My preoccupation with trauma continues. I think I’ll soon be writing more about shell shock/war neurosis/combat stress. Who was it who said, “In war, there are no unwounded soldiers”? . . And I have recently been writing a longish poem about Liverpool, focussing on how Victorian Liverpool nudges the Liverpool of today and finds echoes there. Also two longish poems about specific places in Prague. I’m very interested in cities as palimpsests, places of layers and of incongruity, the magnificent alongside the horrific, elegance in close proximity to squalor. (Note to self: read “Cities” by Elaine Feinstein.) I have really enjoyed writing these longer poems. . .and intend to write more.
What advice would you give to an aspiring poet?
Everyone says this but I’ll echo it: read a lot. Read all sorts of poetry, especially lots of contemporary stuff. (Keats, Shelley, etc. are wonderful but you can’t learn from them how 21-st century people write, any more than you can learn from them how to talk. When Keats and Shelley were writing, they were modern.) Also read lots of things that are not poetry.
Go to workshops if you can but don’t presume that workshops can teach you everything.
Be prepared to write a lot of rubbish.

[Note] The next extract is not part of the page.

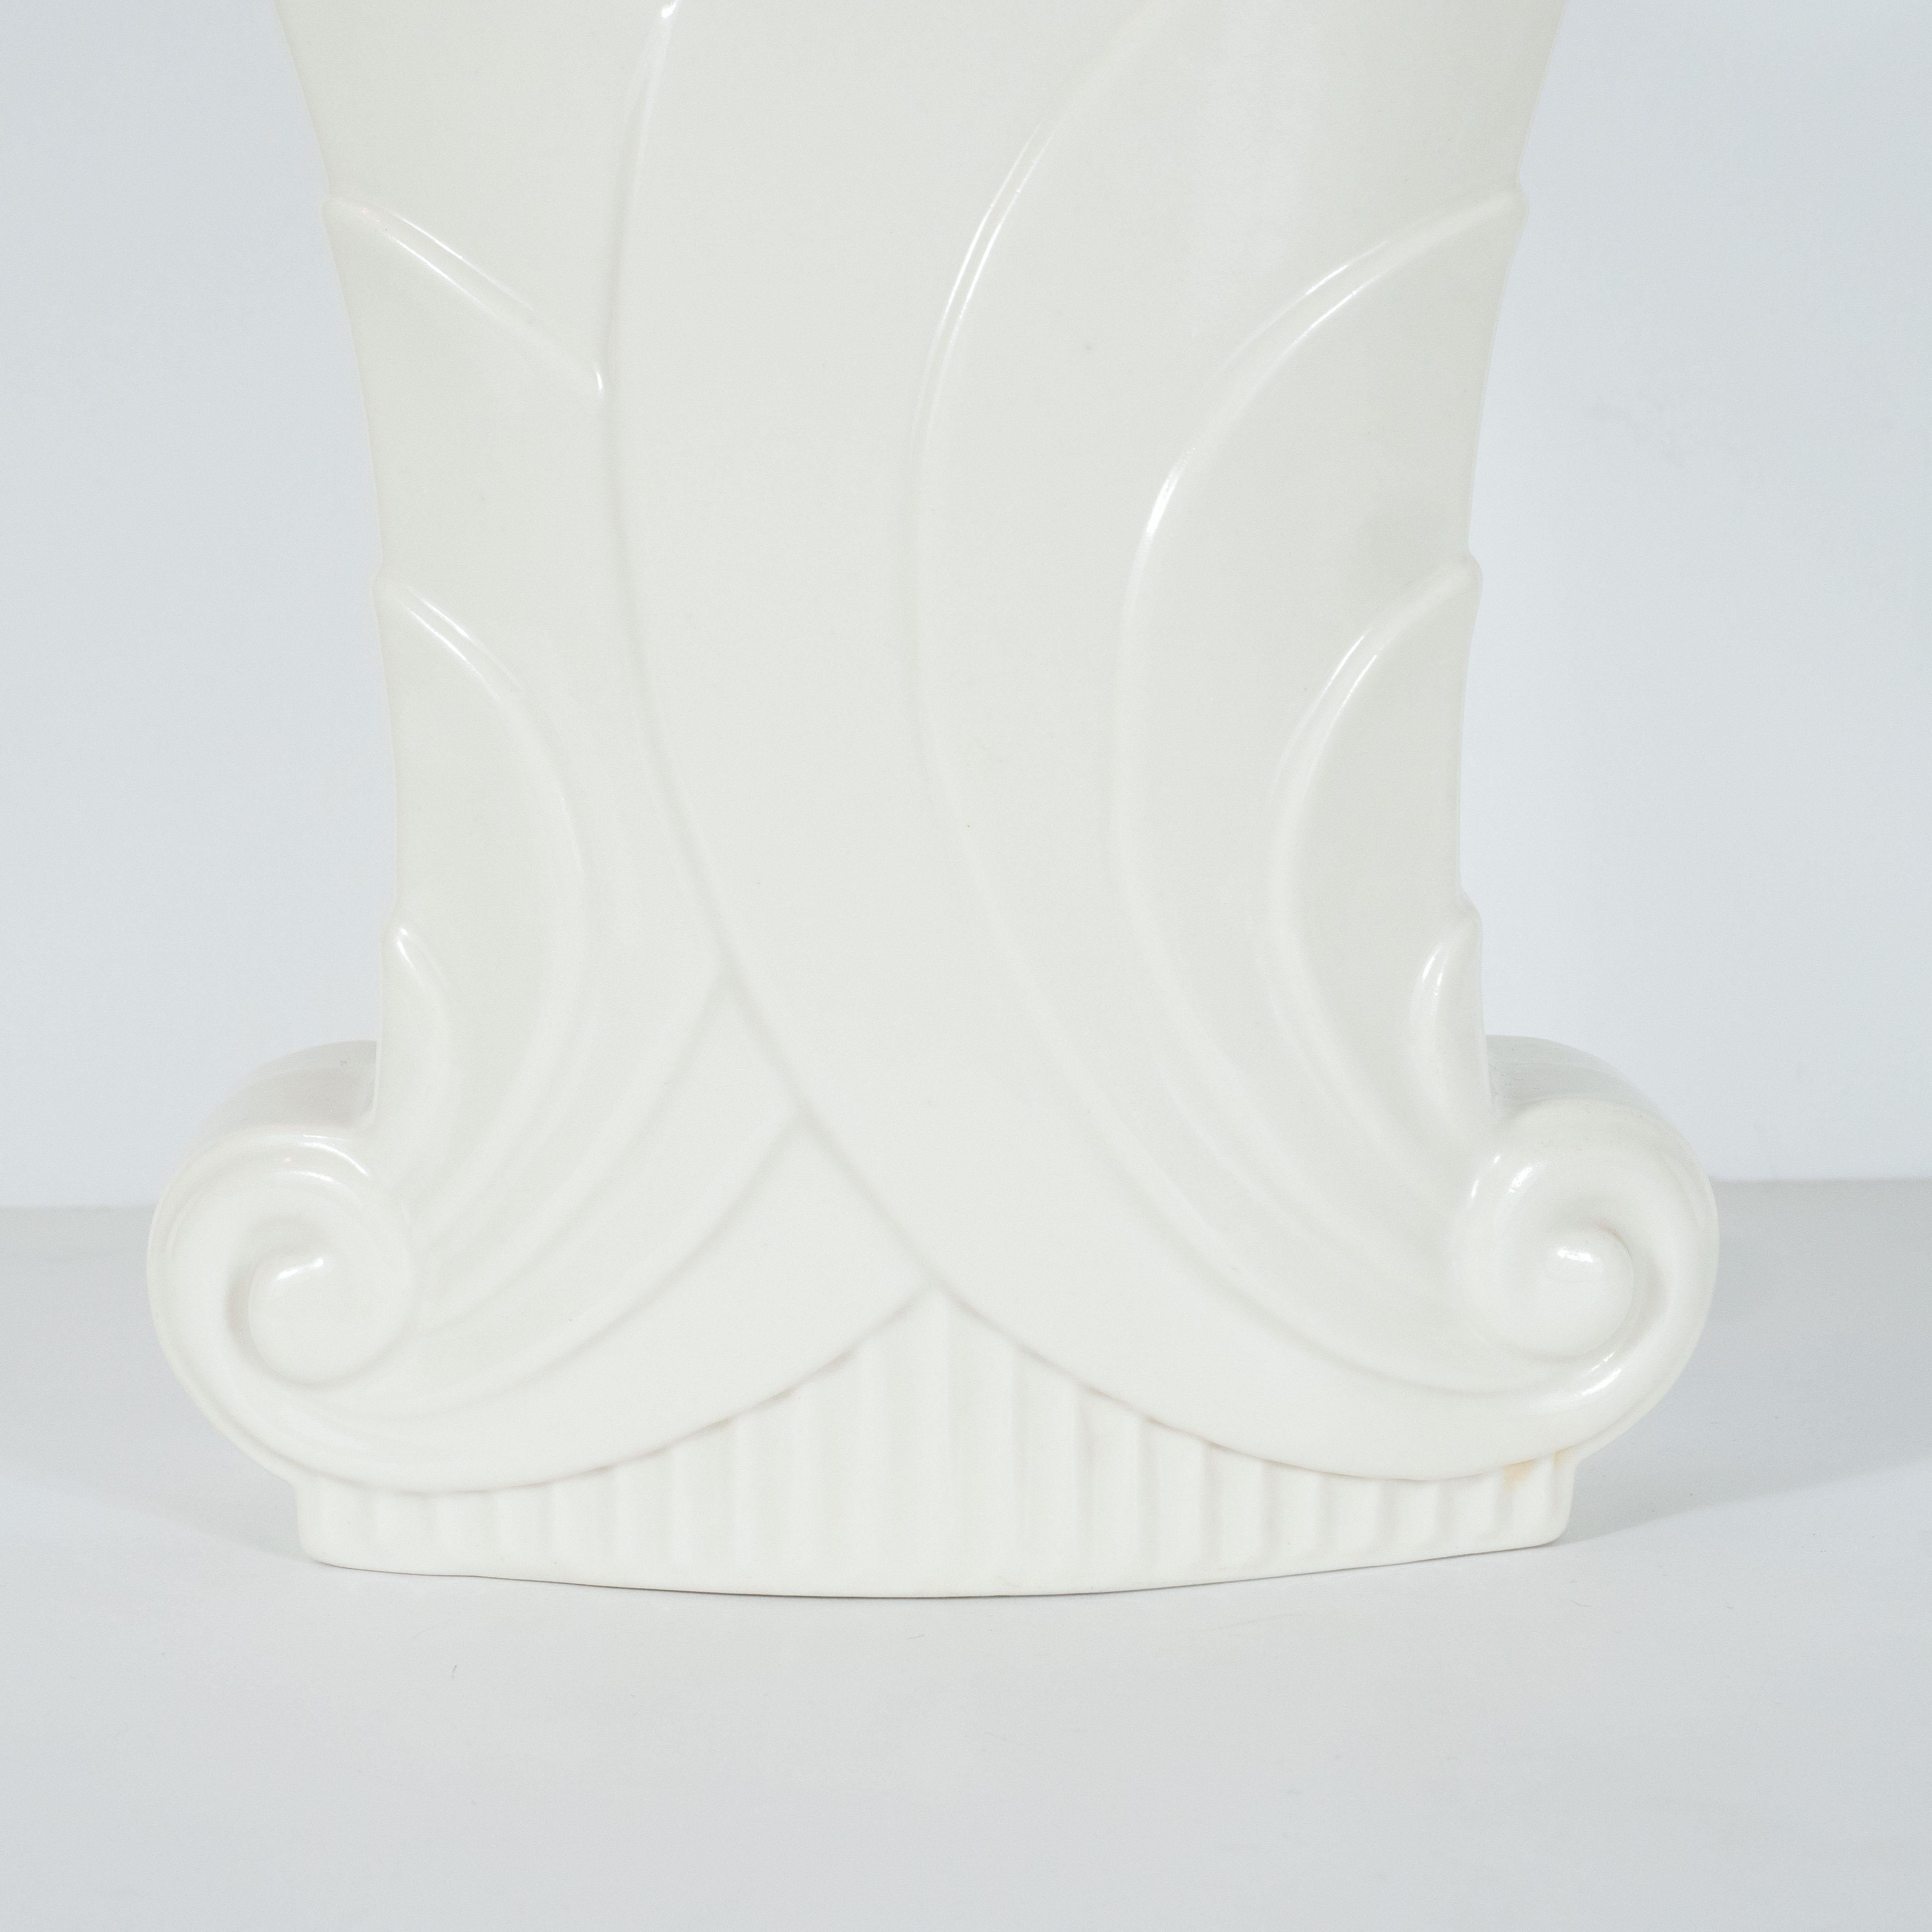 This refined Art Deco vase was realized in the United States by the esteemed maker Abingdon Co., circa 1940. It features a reeded base, and a stepped rectangular body overlapping tiered stylized scroll forms culminating in a v-form mouth. With its

If you tell yourself that each poem you write has to be great, you are setting yourself up for failure. . .and paralysis. All the most well-known poets past and present have written rubbish. . .over time, you tend to get a feeling for when something is good and when it is not, and when something can be reasonably improved.
Don’t write about something/anything that only vaguely interests you. Why would a reader want to read about something that even the poet can’t get enthusiastic about? Rather: what do you find yourself thinking about a lot? dreaming about? What keeps you awake at night? What do you find yourself discussing in great detail with friends? A lot of bad poems are vague because the poets are not sufficiently engaged with the subject-matter.
Draft. Re-draft. Re-draft again. If you find other poets who are 1) friendly and also 2) capable of offering constructive criticism, share your work with them. And pay theirs the same compliment.
Encourage other people who are writing; encouragement is not on ration. The suffering artist (or is that artiste?) languishing in his/her garret is a myth.